In its second quarter Refinance Review, Freddie Mac found that 74% percent of its owned refinance loans included a cashout component, where the new mortgage was at least 5% higher than the original mortgage. The latest figure is higher than the prior quarter's 64% -- which had been the highest since the fourth quarter 2000 -- and way above 43% a year earlier.
But as cashout activity grew, the share of refinances fell during the latest quarter to 42 percent from 45% in the previous three-month period, Freddie reported.
Total home equity accessed during the second quarter was reported at $59 billion, Freddie said, up 37% from the first quarter's revised total.
Freddie increased its outlook for home equity cashed-out through prime first-lien refinances to $162 billion for the full year, which it expects will plunge to $69 billion in 2006.
"Interest rates on 30-year, fixed-rate mortgages dipped lower in the second quarter," said Freddie chief economist Frank Nothaft in the announcement. "Mortgage borrowers took advantage of these low rates by cashing out some home equity before rates go up as they are expected to in coming quarters."

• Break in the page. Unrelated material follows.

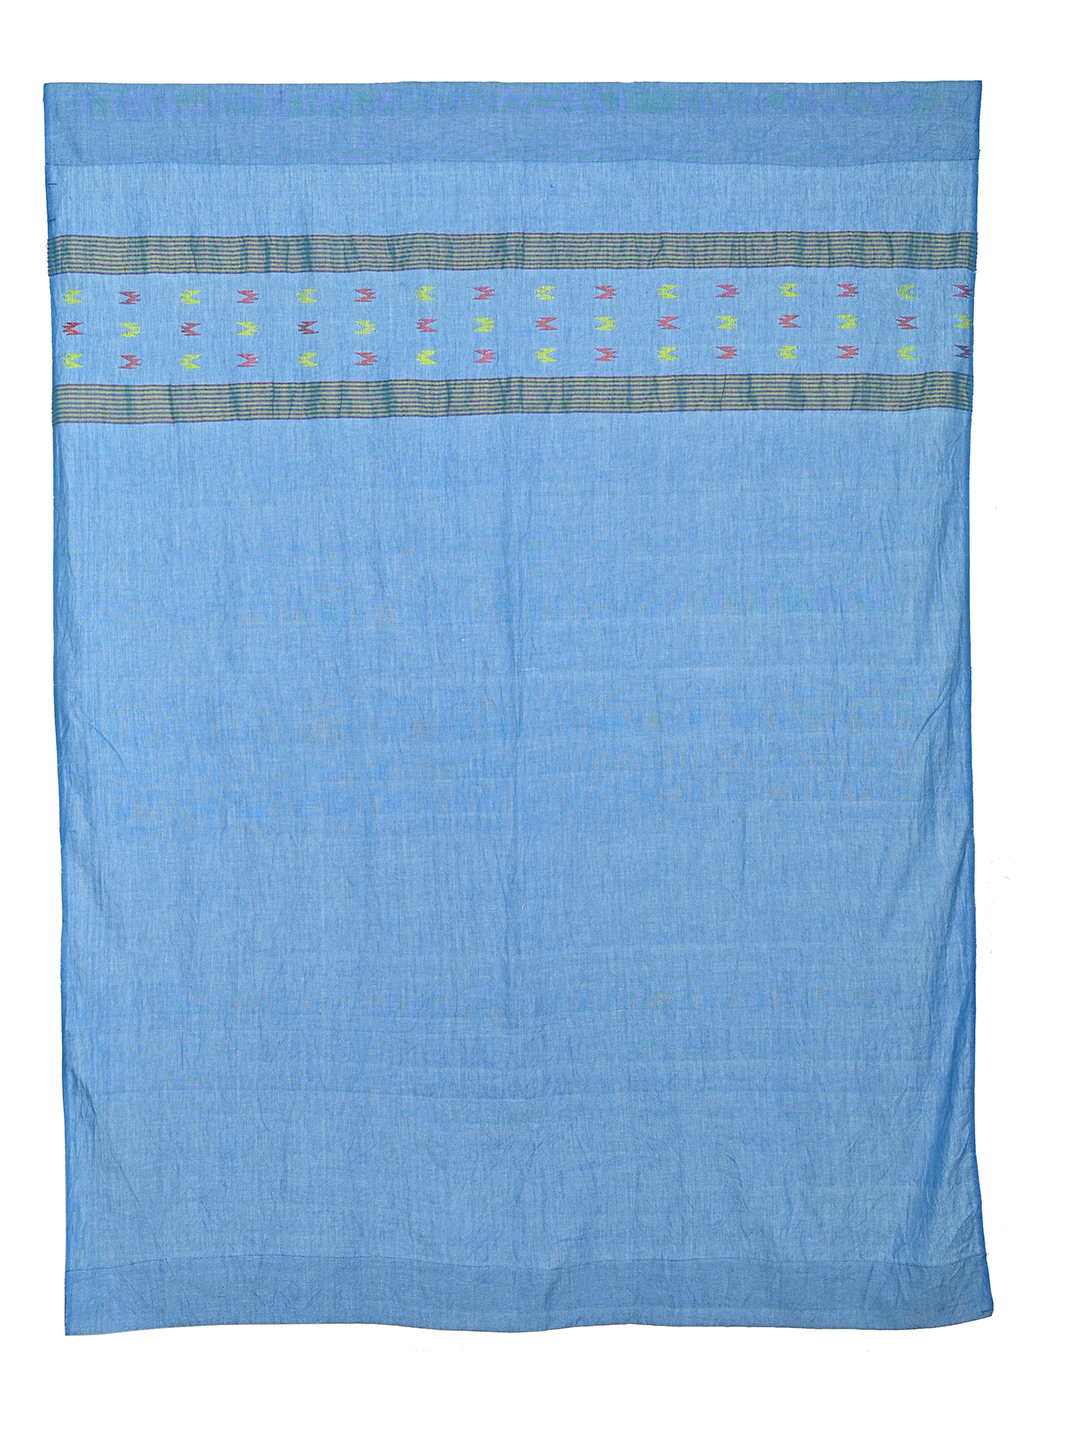 Indigo Blue Jamdani Cotton Door Curtain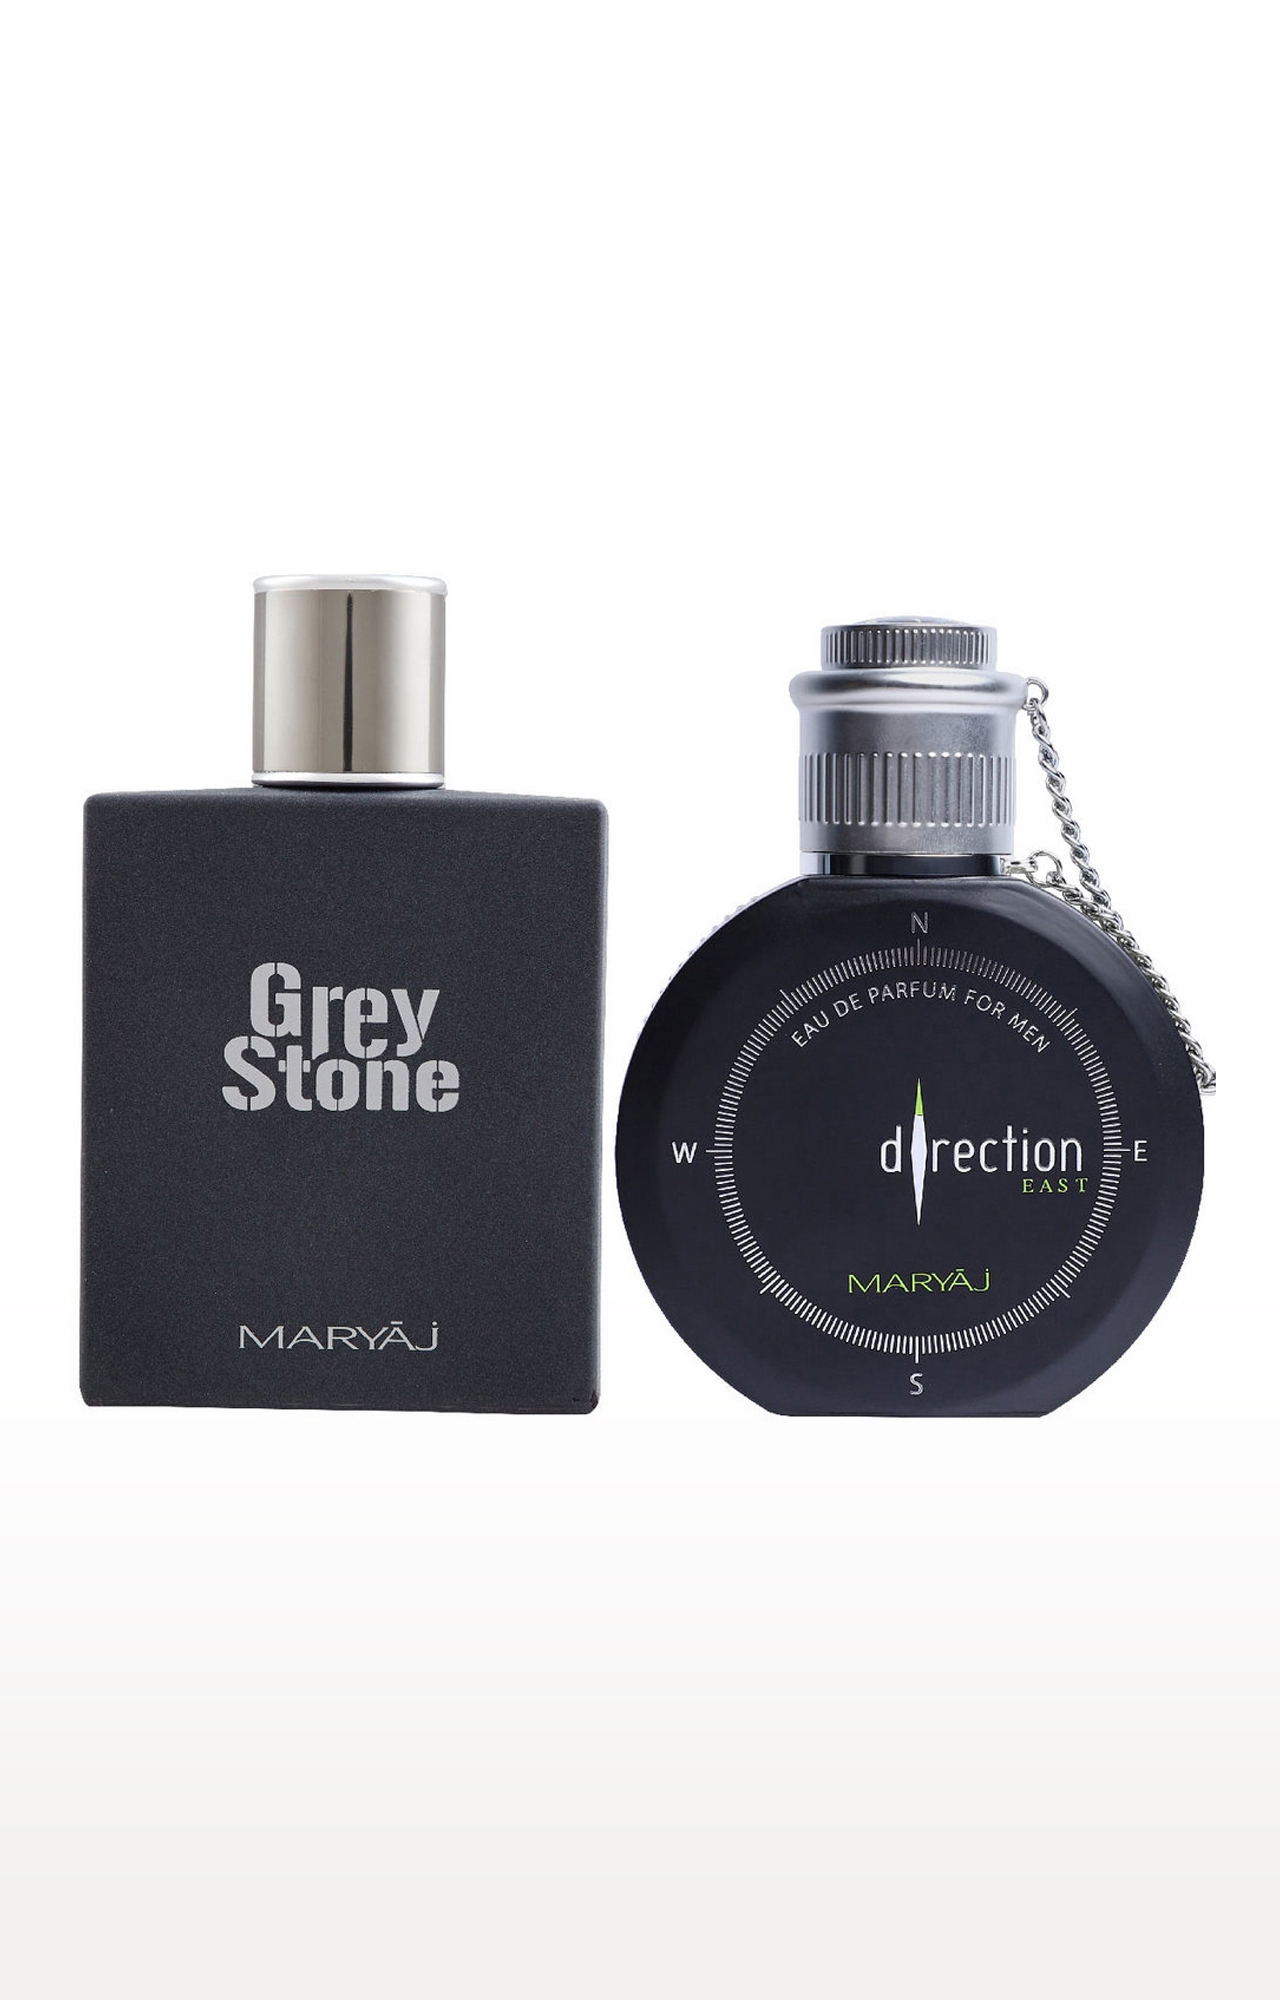 Maryaj | Maryaj Grey Stone Eau De Parfum Perfume 100ml for Men and Maryaj Direction East Eau De Parfum Perfume 100ml for Men 0

The average thirty-year fixed mortgage rate is expected to end the fourth quarter near 6%, according to Freddie, about 25 basis points higher than the second quarter.
Properties refinanced in the latest period experienced a median house-price appreciation of 23 percent during the time since the original loan was made, up 5% from loans refinanced in the first quarter and 16% higher than in the second quarter last year.
The median age of loans refinanced in the second quarter was 2.6 years, Freddie said, two months older than in the prior three-month period.
Freddie's report is based on properties on which the secondary lender has funded at least two successive loans.